__EXERCISE INSTRUCTIONS__
Given the records below, would you repeat exactly the lines that begin at the one containing "Classic morganite ring" and end at the one containing "Morganite: 1.32 carat, 9X7mm", inclusive?

__SUPPLIED RECORDS__
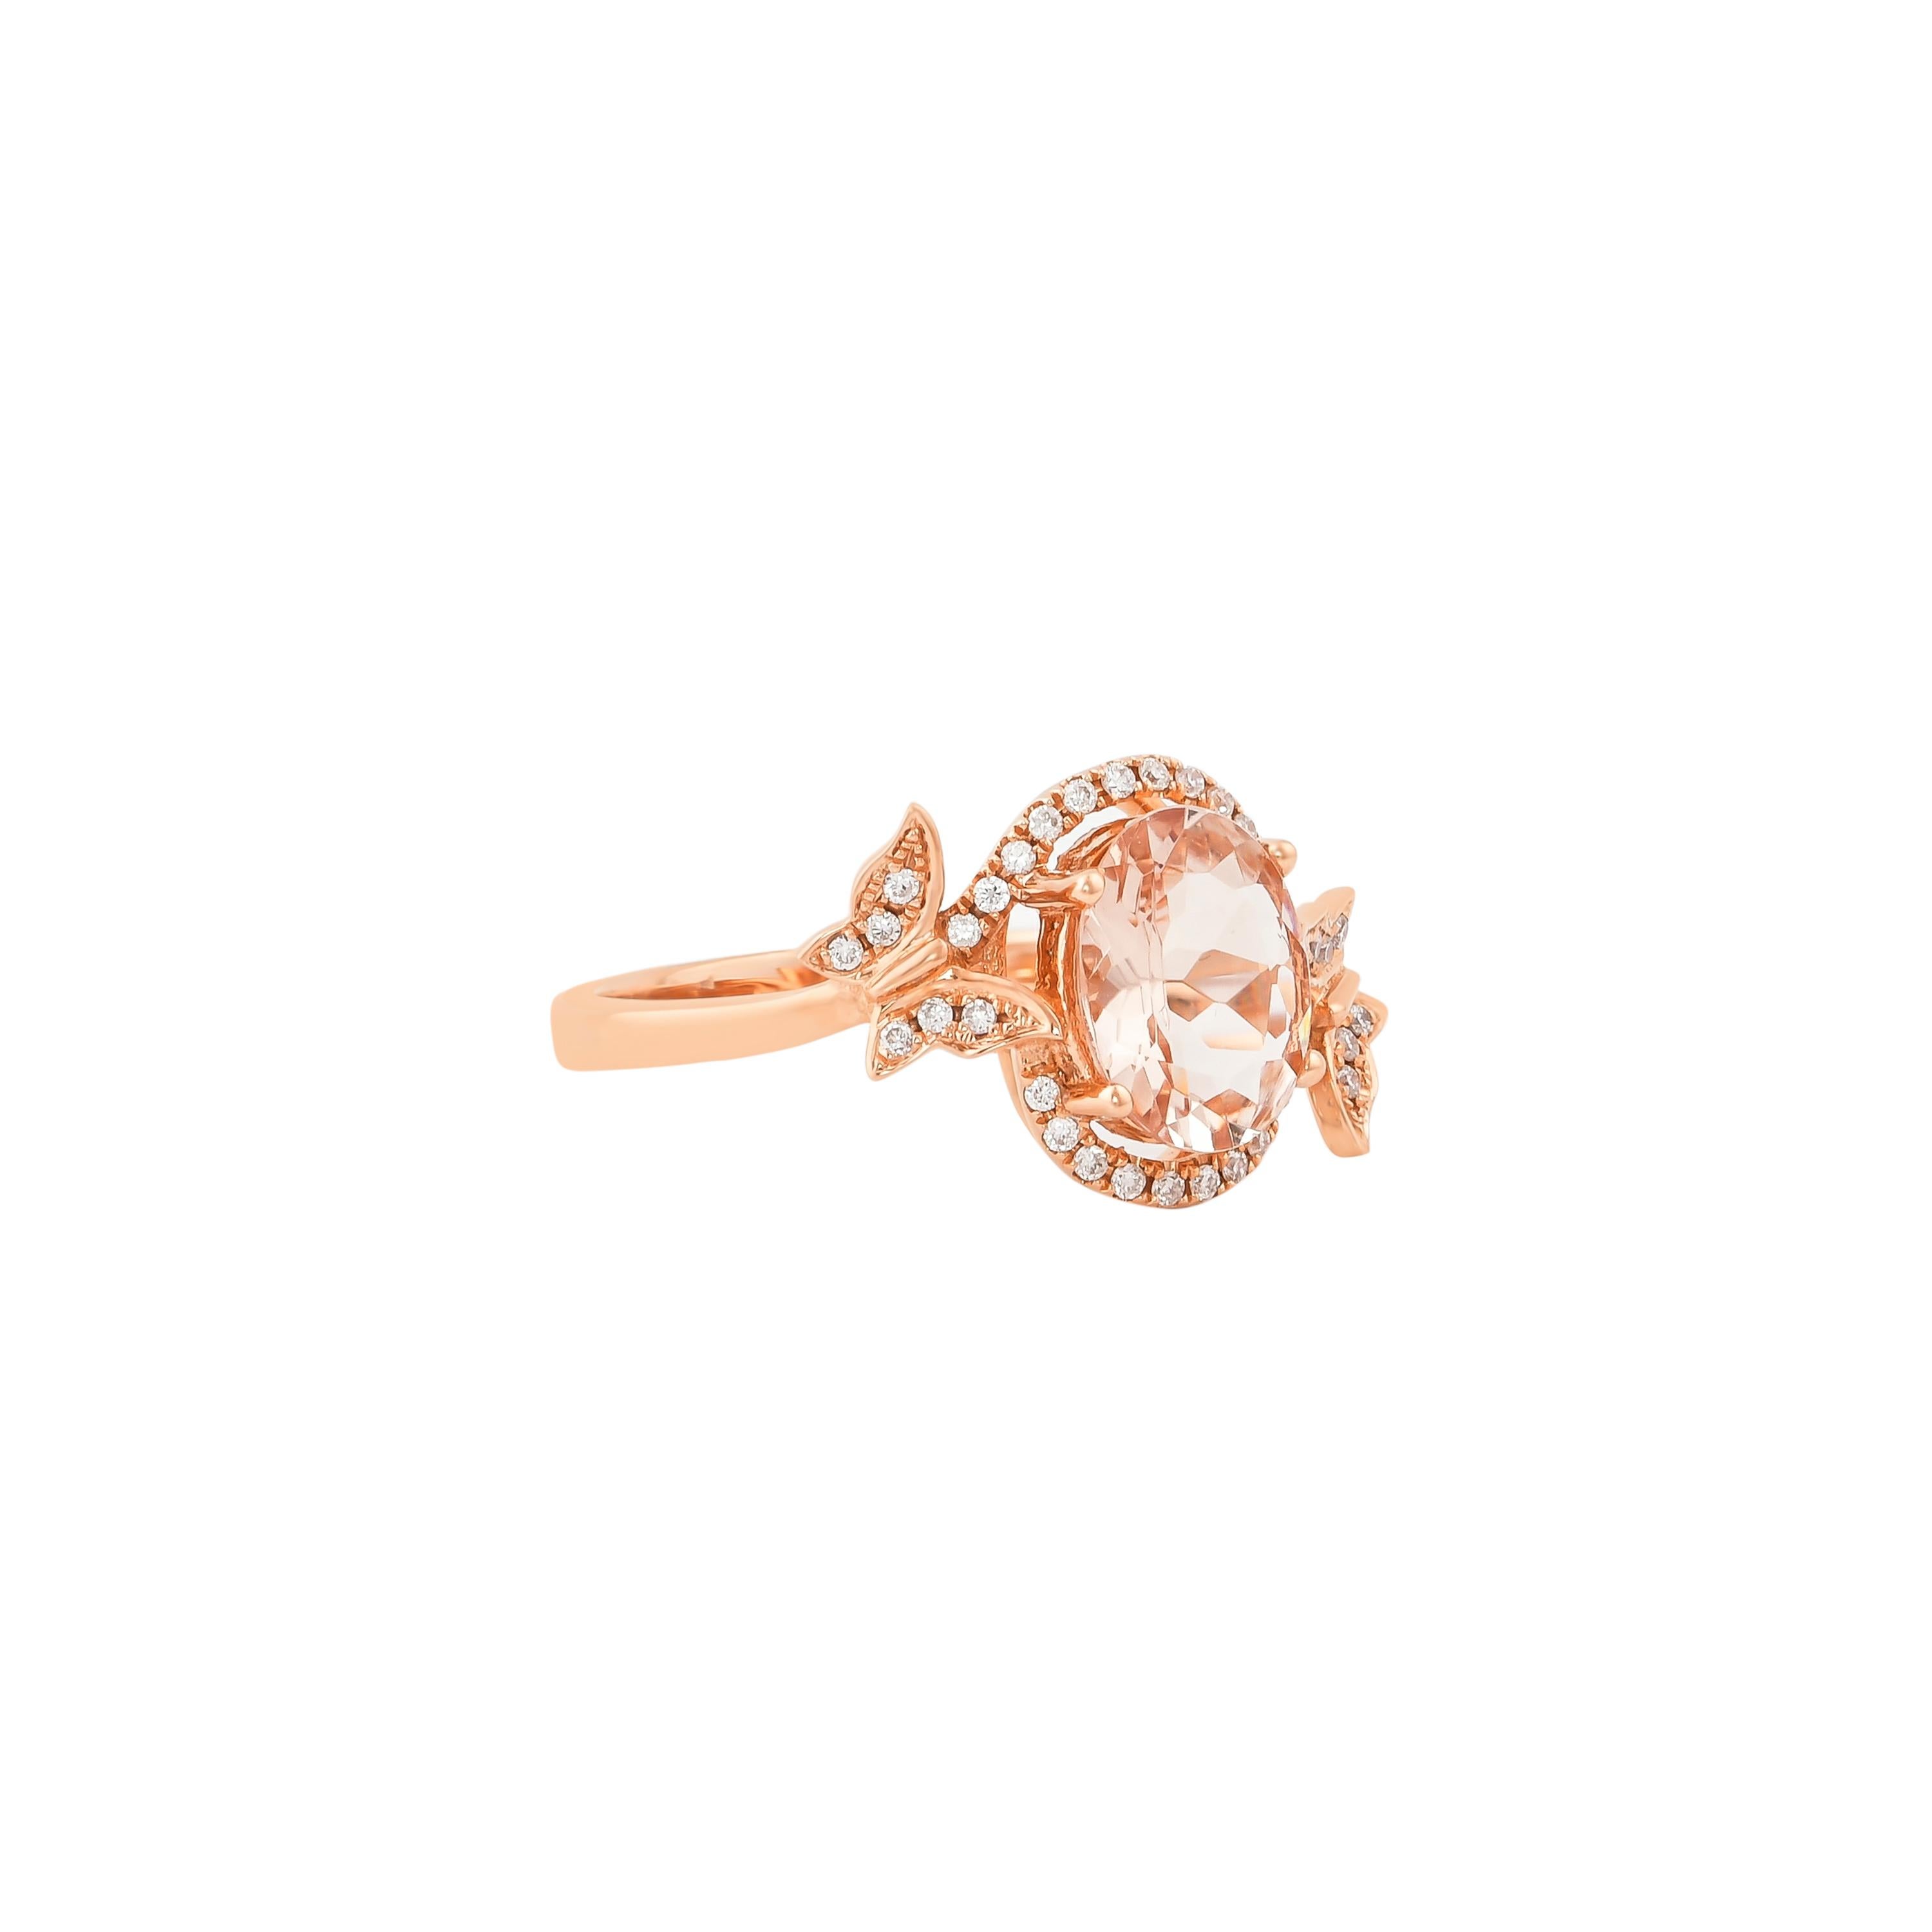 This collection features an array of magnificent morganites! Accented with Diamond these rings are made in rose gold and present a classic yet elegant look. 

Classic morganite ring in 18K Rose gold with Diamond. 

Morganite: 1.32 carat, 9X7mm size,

---

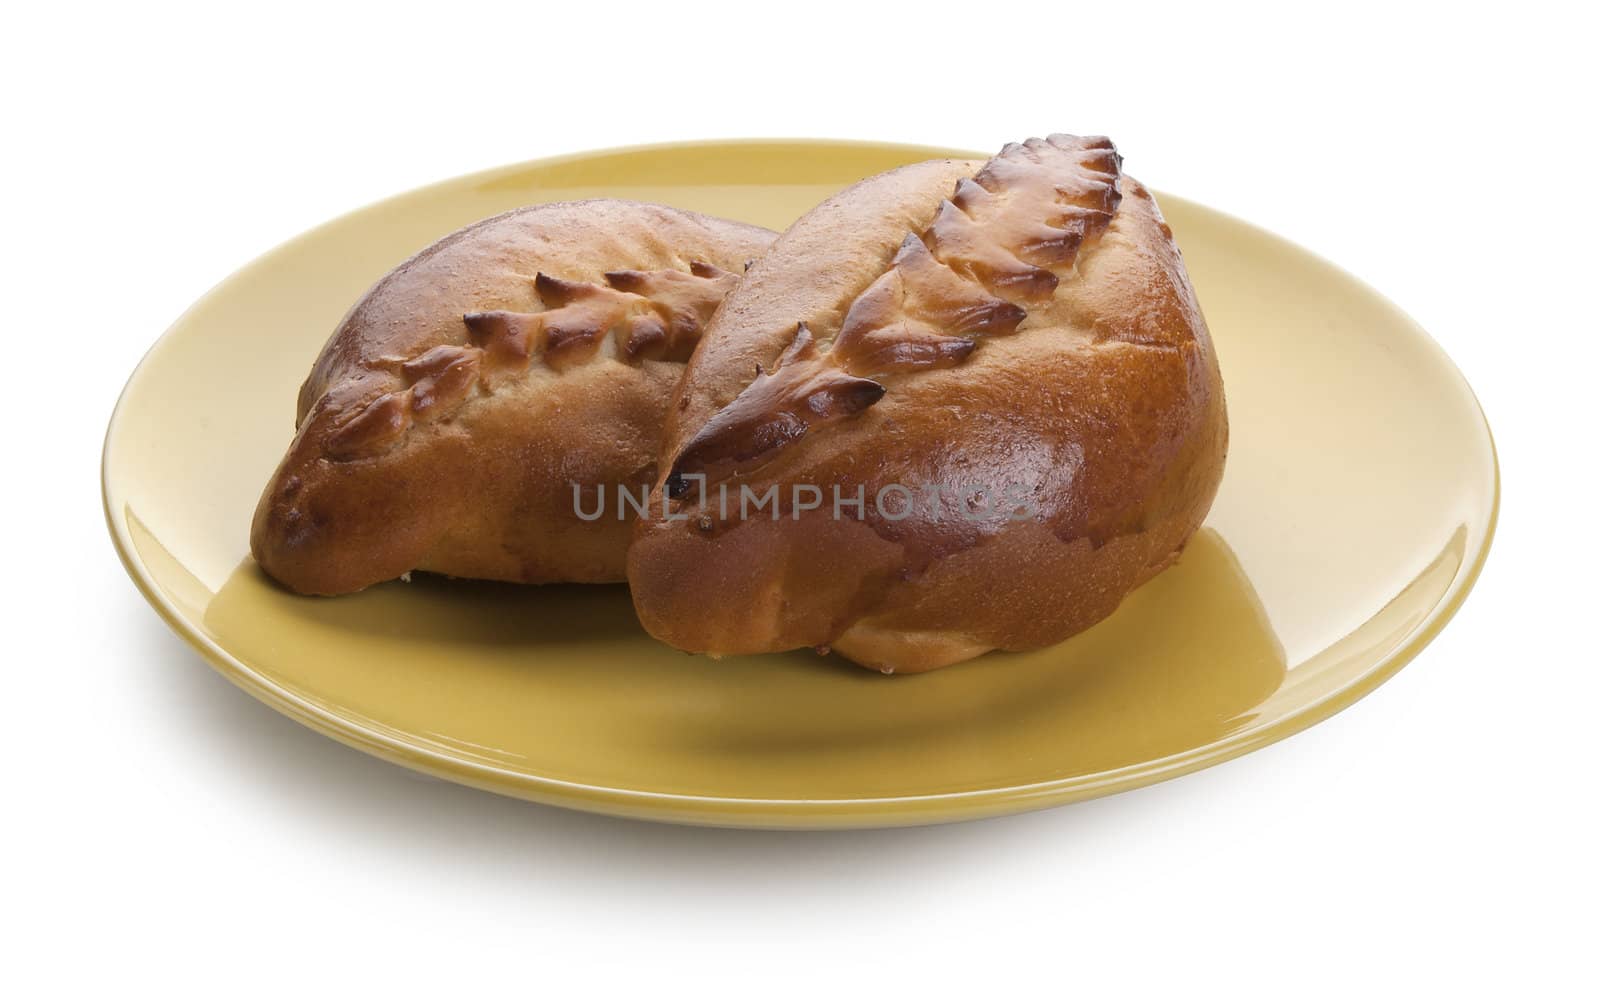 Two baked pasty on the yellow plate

__RESPONSE TO THIS EXERCISE__
Classic morganite ring in 18K Rose gold with Diamond. 

Morganite: 1.32 carat, 9X7mm size,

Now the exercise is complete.